A Renovated Machine Shop for Mechanical Engineering Students

Date
January 22, 2025
Image
Marty Ramirez at CNC Machine

Donors, faculty, students and staff recently celebrated the opening of the modernized space

Thanks to donor support led by Virgil Elings, who spent twenty years on the UC Santa Barbara Physics faculty and co-founded Digital Instruments, a pioneer in developing and manufacturing the scanning probe electron microscope, the College of Engineering (COE) Machine Shop, officially called the Center for Engineering Innovation and Design (CEID), a source of valuable support to labs, faculty, and students, recently underwent a major renovation that transformed it into a modern design center.

Long the first stop for many COE faculty and students needing something built for a lab or an experiment, the shop is especially important to ME undergraduate students. About twenty teams of such students each year use the shop to design, build and test their senior capstone projects, probably the single most important accomplishment in their undergraduate careers.

“In engineering, we do a lot with numbers, and we do a lot with physics and mathematics,” said Tyler Susko, undergraduate dean in the ME department and the capstone instructor. “It’s turning those numbers into physical things that makes us mechanical engineers, whether students design rockets or cars or whatever they may do in their careers. When I ask our graduates who are in the job market what they talked about in a job interview, about ninety-nine percent of the time, they say, ‘the capstone project and the thing I built at UCSB.’ Having this facility will change dramatically how we can teach our students and make that experience even more important.”

The project, which will ultimately increase usable space by 35 percent, is being conducted in phases as funds become available. Phase 1 work included removing old equipment and installing eleven new CNC (computer numerical control) machine tools, 3D printers, a laser cutter, electronics fabrication and testing, pneumatics and hydraulics fabrication and testing, and bench and storage space. Phase II included enclosing the space with glass garage doors and installing keyless entry for students to access the bench workspace and provide security during extended hours, especially at night.

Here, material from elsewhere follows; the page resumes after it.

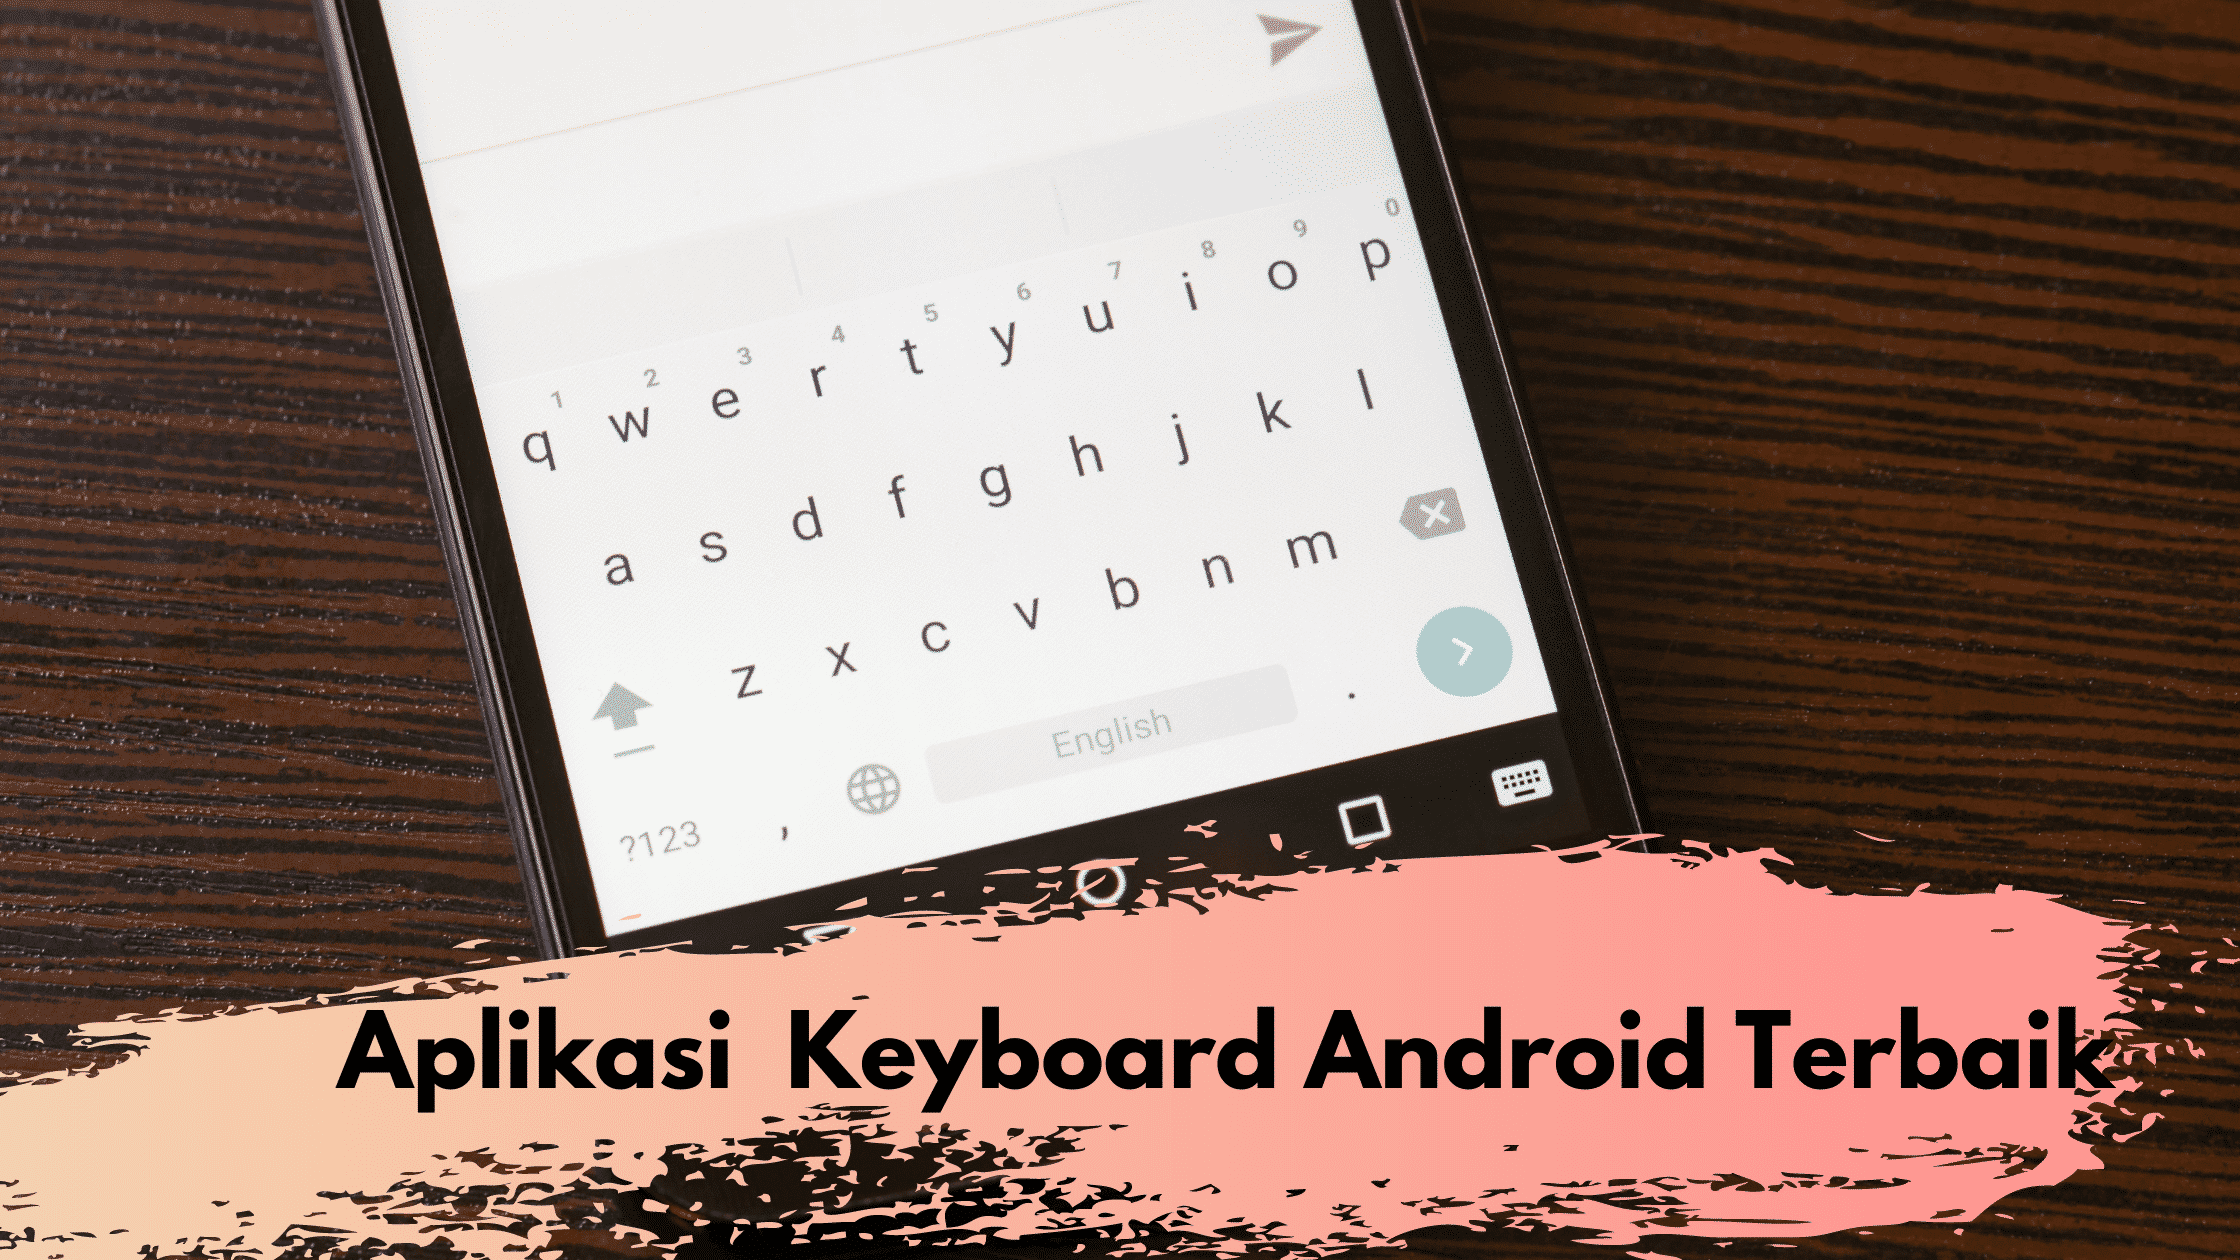 Aplikasi Keyboard Android Terbaik Apk. 5 Aplikasi Keyboard Android Terbaik 2021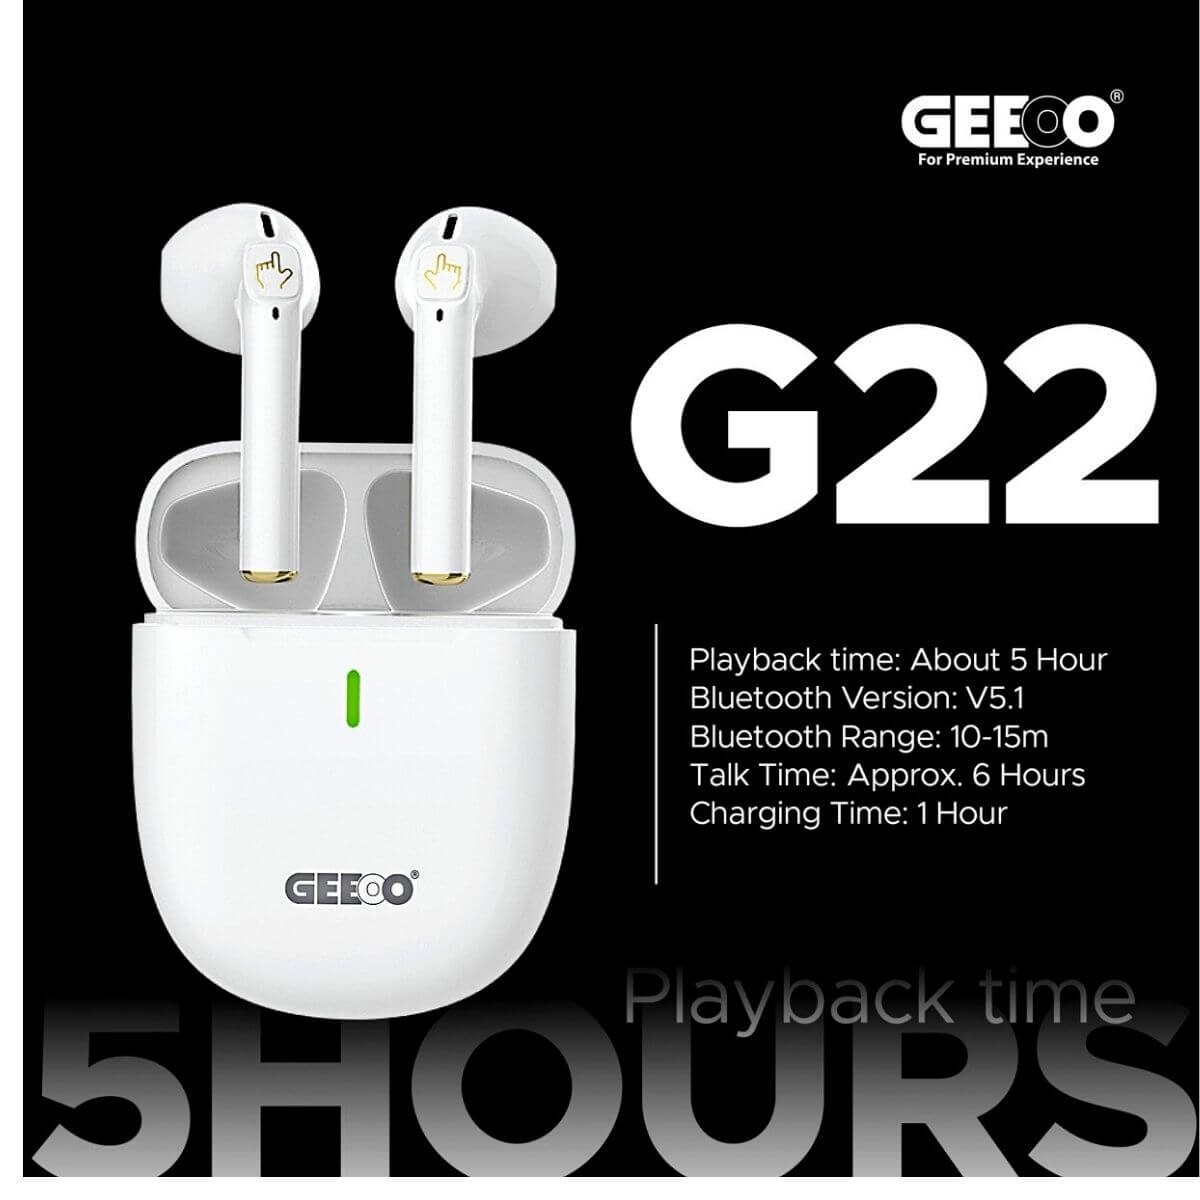 Geeoo G22 Earbuds Bd

“The newer technology and the other elements of this important renovation aid students greatly in their capstone projects, allow them to work better as teams in a safe and productive manner, and enhance the College of Engineering’s competitiveness with other top institutions,” said shop superintendent, Marty Ramirez. 

Such a modern design center, says Susko,“will introduce students to CNC machining in their freshman year and augment their understanding of those tools in subsequent classes before engaging in the year-long capstone project. We always have safety on our mind, of course, and the new CNC tools are fully enclosed, removing the danger of exposed spinning cutters. The new tools will enable them to create things that were unfeasible in previous years.”

Looking around at all the state-of-the-art equipment at a dedication event, COE dean, Umesh Mishra, said “Mechanical engineering is the broadest field in engineering, and it has always been that way. The most important thing about the machine shop, I believe, is the potential it brings. You can’t know what’s in a person’s mind unless they actually express it. A machine shop is a place for expression, and it can bring out the genius in a person, so, I’m very excited about this.”